Dirpolairud Poldasu Kombes Pol Toni Ariadi Efendi menginterogasi para PMI illegal.(jos tambunan)
INVOCAVIT.COM, MEDAN – Dit Polairud Polda Sumut menggagalkan pengiriman 17 PMI (Pekerja Migran Indonesia) yang akan diberangkatkan ke Malaysia. Mereka diamankan dalam perjalanan yang dibawa kapal tanpa nama di kawasan Perairan Sungai Kwala Bagan,Asahan, Sumatera utara.
Guna pengusutan lebih lanjut, kapal ikan tanpa nama dan nomor Selar bersama 3 orang ABK (Anak Buah Kapal) diseret ke Mako Polarud di Tanjung Balai Asahan.
Selain mengamankan 20 orang terdiri dari 17 orang PMI dari NTB, Lampung, Denpasar dan Tanjung Balai dan tiga orang merupakan anak buah kapal dan nakhoda telah ditetapkan menjadi tersangka.
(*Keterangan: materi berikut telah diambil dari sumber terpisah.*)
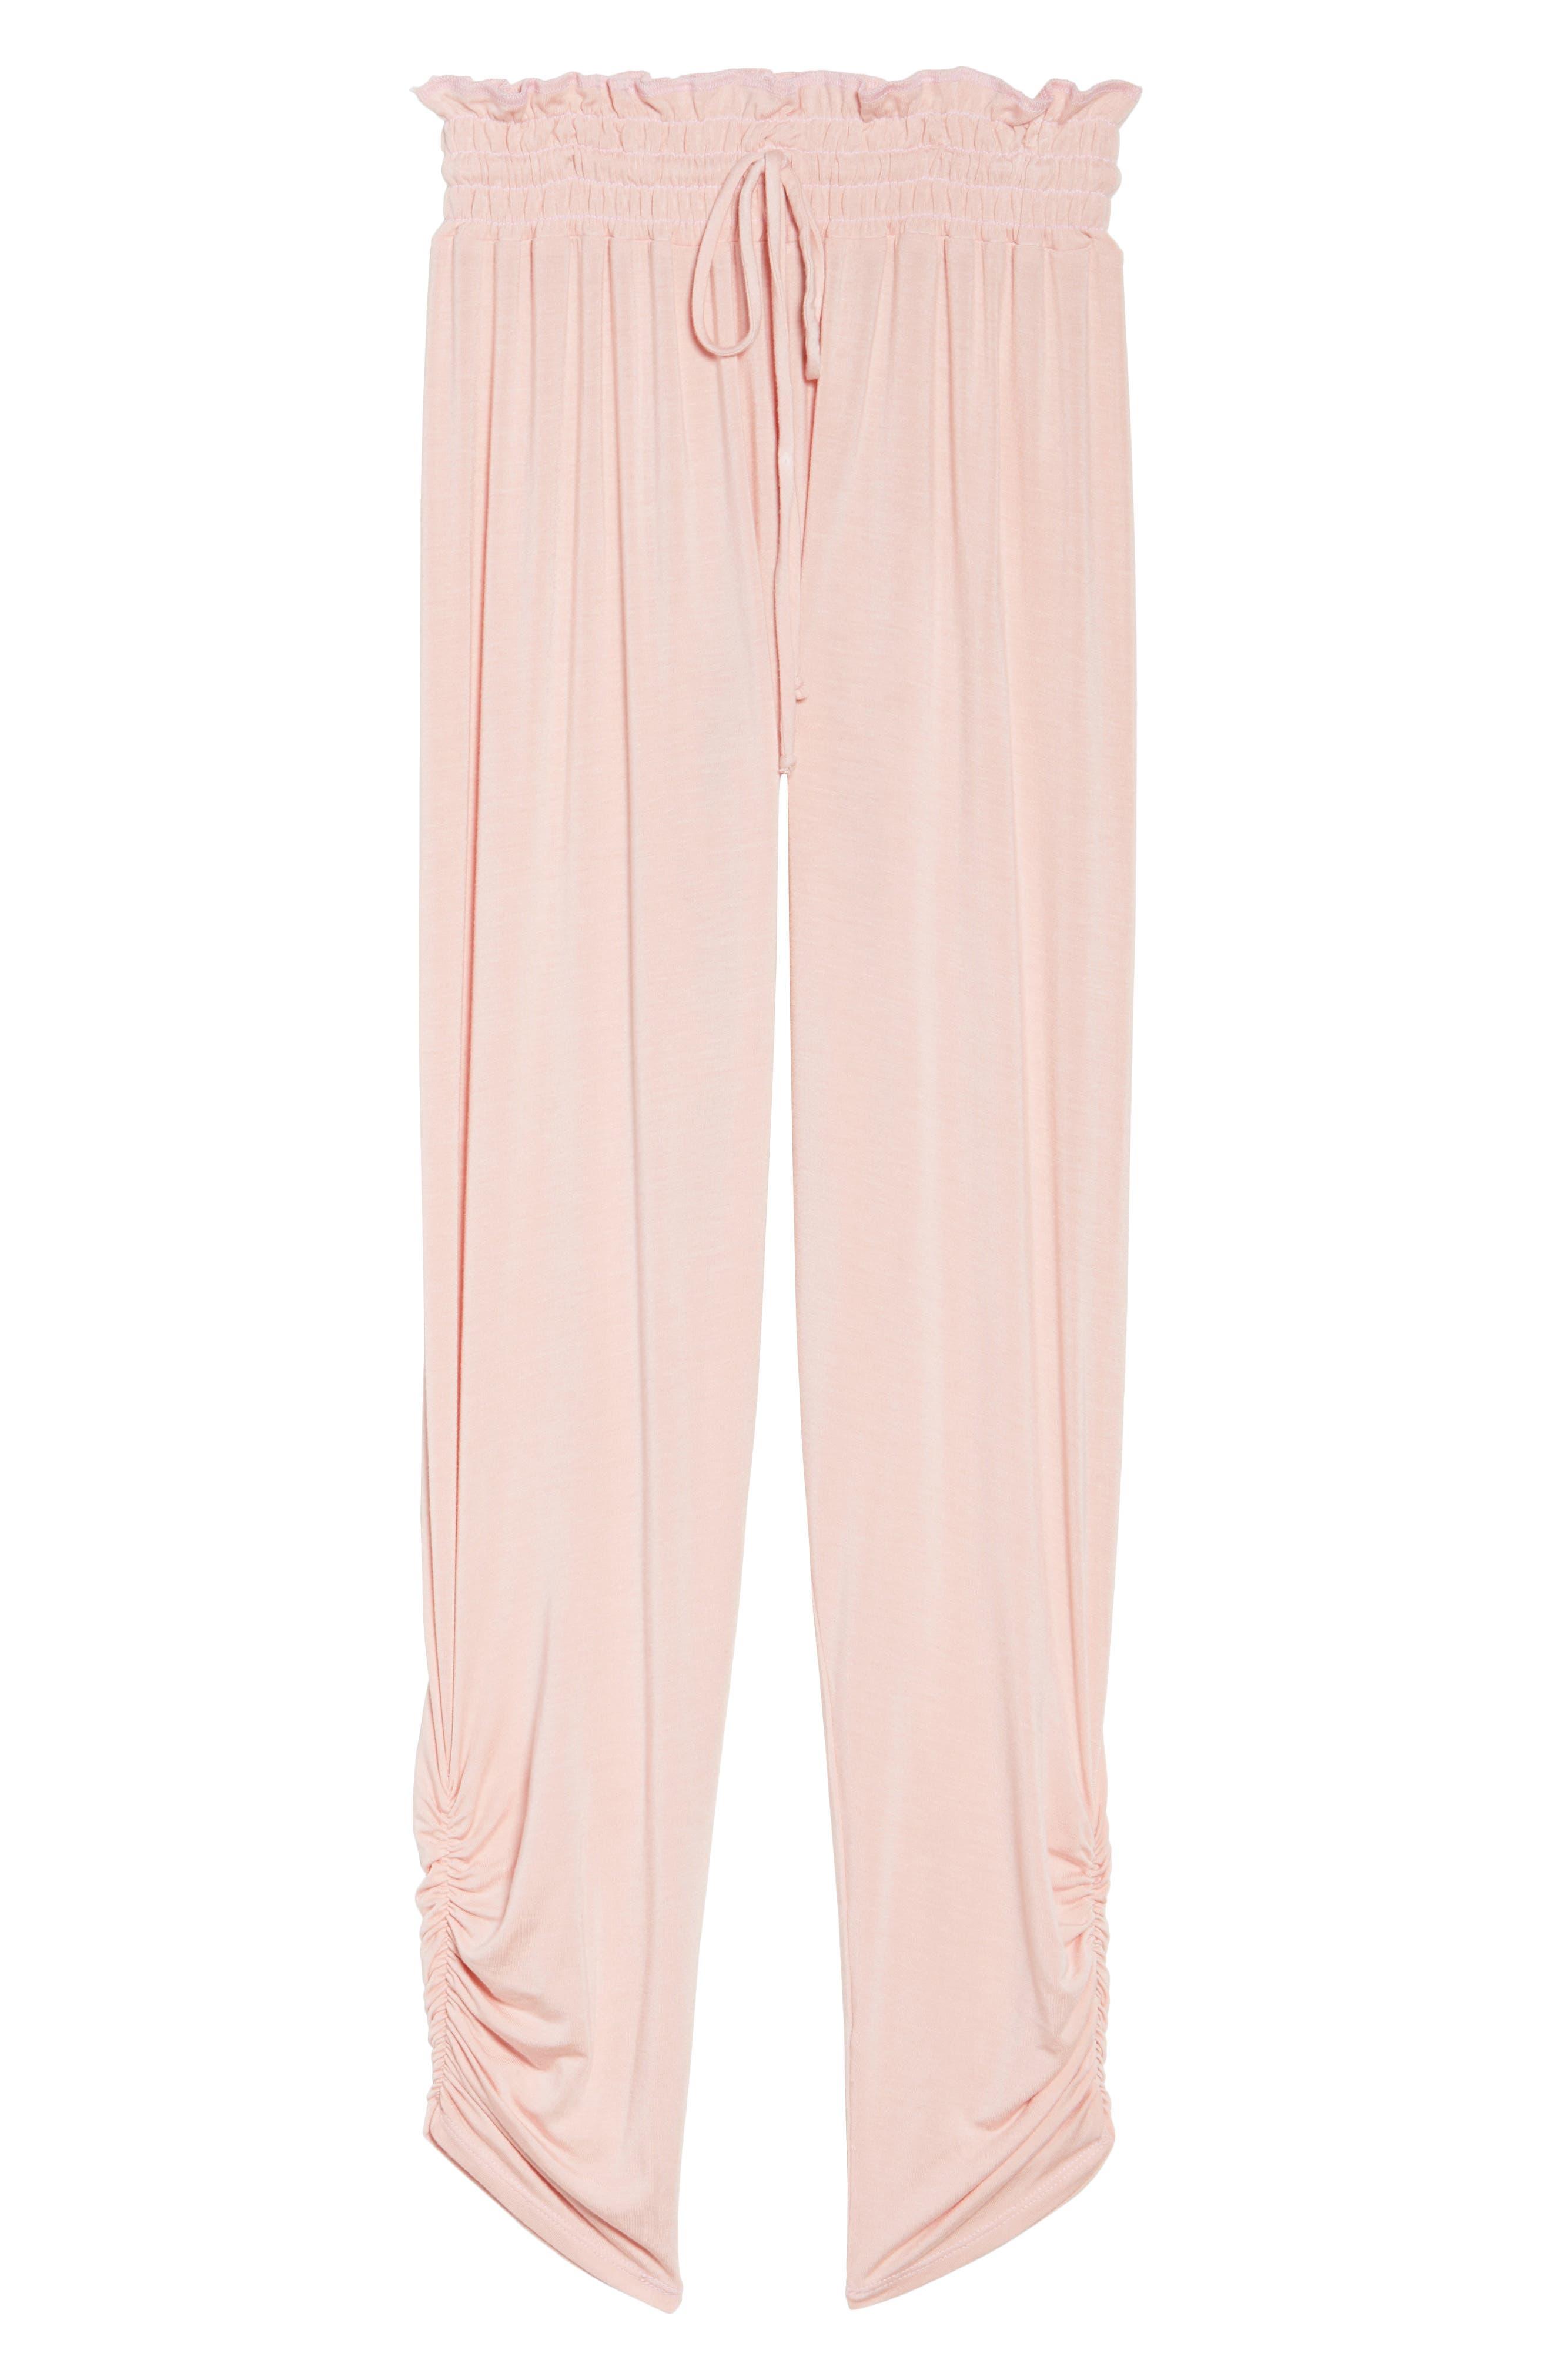 Bella Pants,                             Alternate thumbnail 4, color,                             Dream Pink

Dalam pemeriksaan,selain tidak memiliki dokumen resmi,membawa PMI secara ilegal yang mengunakan paspor pelancong yang selalu mengunakan perairan Asahan menjadi tempat keberangkatan atau pintu keluar masuk Tenaga Kerja Indonesia hingga berbagai barang seludupan asal negara Malaysia.
Selain menyita barang bukti berupa satu unit kapal nelayan tanpa nama,petugas telah mengamankan tiga orang nakhoda dan anak buah kapal,langsung dibawa ke Dit Polairud Polda Sumut.
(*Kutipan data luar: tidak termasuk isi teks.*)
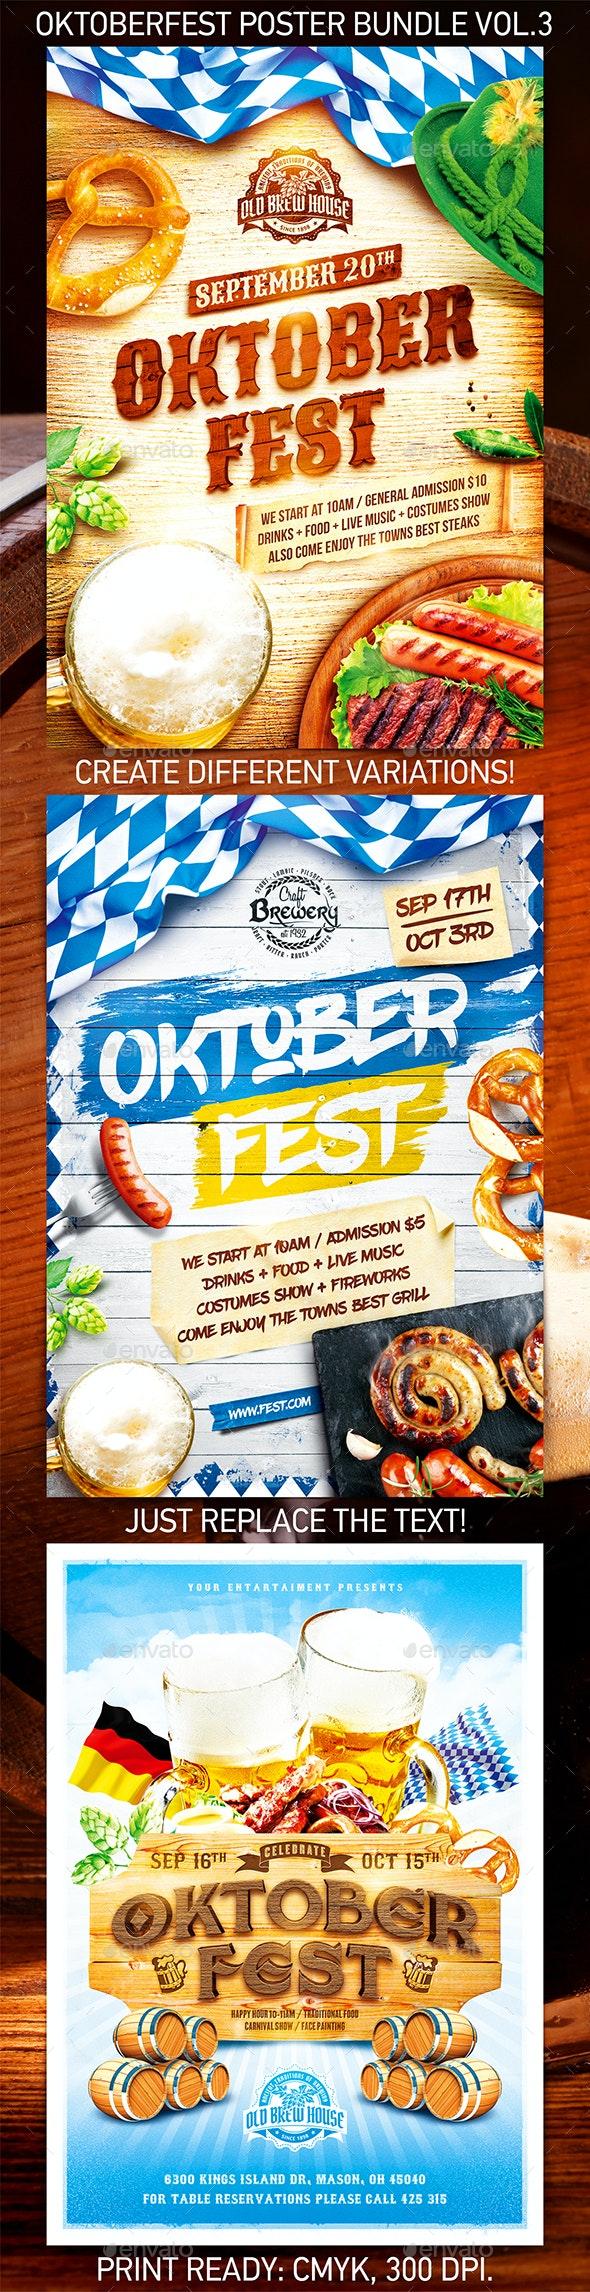 Oktoberfest Festival Poster Bundle vol.3 - Holidays Events

Dir Polairud Polda Sumut, Kombes Pol Toni Ariadi Efendi, mengatakan, ke 17 PMI itu merupakan korban dan akan dikembalikan ke kampung halaman masing-masing. Sementara 3 orang merupakan nakhoda dan anak buah kapal telah ditetapkan menjadi tersangka, terancam 10 tahun hukuman penjara dan PMI akan dipulangkan tempat asalnya.
“Untuk memutus mata rantai perdagangan manusia secara ilegal, Dit Polairud Polda Sumut masih mengejar pasangan suami istri yang merupakan agen penyalur tenaga kerja Indonesia. Pasangan suami istri tinggal di Tanjung Balai yang identitas dan keberadaanya sudah diketahui,” pungkas Kombes Pol Toni Ariadi.(jos).